The Company's long-term debt instruments are recorded at their carrying values in the consolidated balance sheet, which may differ from their respective fair values. The fair values of the long-term debt instruments are derived from Level 2 inputs. The fair value amount of the long-term debt instruments at January 31, 2021 and at October 31, 2020 is presented in the table below based on the prevailing interest rates and trading activity of the Term loans or Senior Notes.

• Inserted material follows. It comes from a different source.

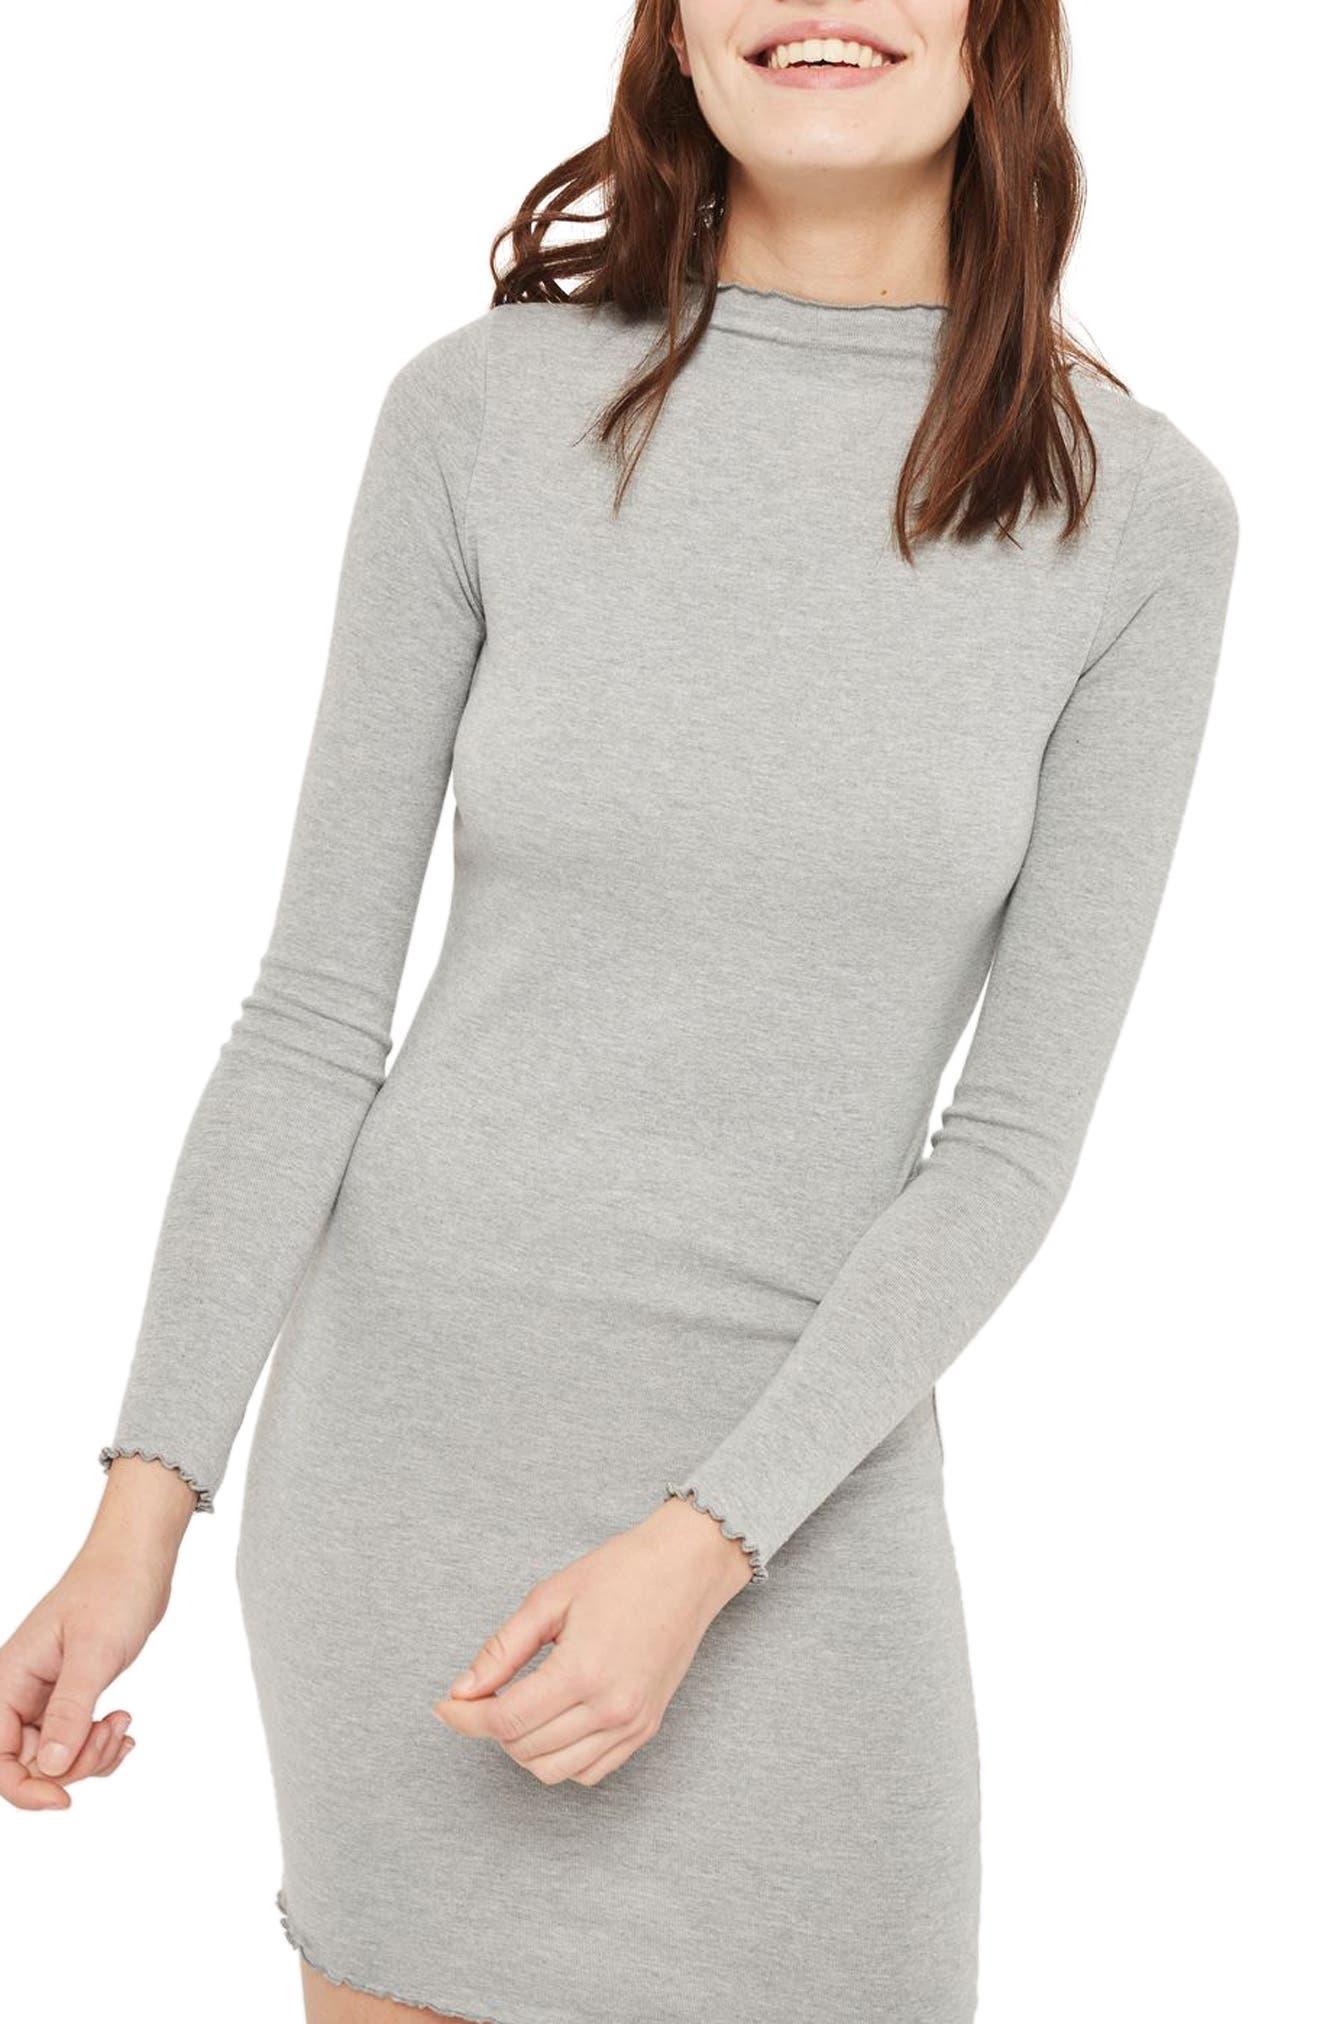 Lettuce Edge Body-Con Dress,                         Main,                         color, Grey

In connection with the acquisition of Camfaud in November 2016, former Camfaud shareholders were eligible to receive earnout payments (“deferred consideration”) of up to $3.1 million if certain Earnings before interest, taxes, depreciation, and amortization ("EBITDA") targets were met. In accordance with ASC 805, the Company reviewed the deferred consideration on a quarterly basis in order to determine its fair value. Changes in the fair value of the liability are recorded within general and administrative expenses in the consolidated statement of income in the period in which the change was made. The Company estimated the fair value of the deferred consideration based on its probability assessment of Camfaud’s EBITDA achievements during the 3 year earnout period. In developing these estimates, the Company considered its revenue and EBITDA projections, its historical results, and general macro-economic environment and industry trends. This fair value measurement was based on significant revenue and EBITDA inputs not observed in the market, which represents a Level 3 measurement. The fair value of the deferred consideration was $1.7 million at October 31, 2019, which also represented the date at which the 3-year earnout period ended. The deferred consideration was fully paid out during the fiscal 2020 first quarter. In accordance with US GAAP, the related cash outflows are reflected in the statement of cash flows with $1.2 million being included in financing activities, reflecting the payment of contingent consideration that was originally established in purchase accounting, and the remaining $0.5 million being included in operating activities, reflecting the payment amount that is in excess of the contingent consideration that was originally established in purchase accounting.
The Company's non-financial assets, which primarily consist of property and equipment, goodwill and other intangible assets, are required to be carried at fair value on a recurring basis and are reported at carrying value. However, on a periodic basis or whenever events or changes in circumstances indicate that their carrying value may not be fully recoverable (and at least annually for goodwill and indefinite lived intangibles), non-financial instruments are assessed for impairment and, if applicable, written down to and recorded at fair value.